[Records from a collection]
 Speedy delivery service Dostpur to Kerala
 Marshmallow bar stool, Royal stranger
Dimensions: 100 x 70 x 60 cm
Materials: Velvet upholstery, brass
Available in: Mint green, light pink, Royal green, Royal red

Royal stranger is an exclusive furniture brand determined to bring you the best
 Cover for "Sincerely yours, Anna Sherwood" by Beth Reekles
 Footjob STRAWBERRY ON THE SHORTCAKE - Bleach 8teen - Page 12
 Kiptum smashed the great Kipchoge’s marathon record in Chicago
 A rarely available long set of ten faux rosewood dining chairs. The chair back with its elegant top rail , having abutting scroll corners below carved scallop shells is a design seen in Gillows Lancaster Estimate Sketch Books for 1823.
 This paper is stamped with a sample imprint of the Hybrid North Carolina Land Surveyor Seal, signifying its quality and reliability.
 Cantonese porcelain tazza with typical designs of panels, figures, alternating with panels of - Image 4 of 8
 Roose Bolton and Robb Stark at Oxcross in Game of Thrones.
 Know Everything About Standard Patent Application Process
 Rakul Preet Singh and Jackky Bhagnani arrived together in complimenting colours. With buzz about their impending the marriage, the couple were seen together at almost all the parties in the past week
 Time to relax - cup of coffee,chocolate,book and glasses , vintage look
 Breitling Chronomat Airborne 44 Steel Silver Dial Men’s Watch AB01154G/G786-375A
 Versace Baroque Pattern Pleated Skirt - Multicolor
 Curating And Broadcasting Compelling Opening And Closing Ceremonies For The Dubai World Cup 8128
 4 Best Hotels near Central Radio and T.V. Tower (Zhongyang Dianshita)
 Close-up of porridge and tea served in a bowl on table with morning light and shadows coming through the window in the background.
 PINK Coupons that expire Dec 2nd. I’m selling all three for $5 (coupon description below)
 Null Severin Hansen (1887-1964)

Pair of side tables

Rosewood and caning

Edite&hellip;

TASK TO COMPLETE> What this exercise asks for is every line of the data above with the word "below".

ANSWER>
 A rarely available long set of ten faux rosewood dining chairs. The chair back with its elegant top rail , having abutting scroll corners below carved scallop shells is a design seen in Gillows Lancaster Estimate Sketch Books for 1823.
 PINK Coupons that expire Dec 2nd. I’m selling all three for $5 (coupon description below)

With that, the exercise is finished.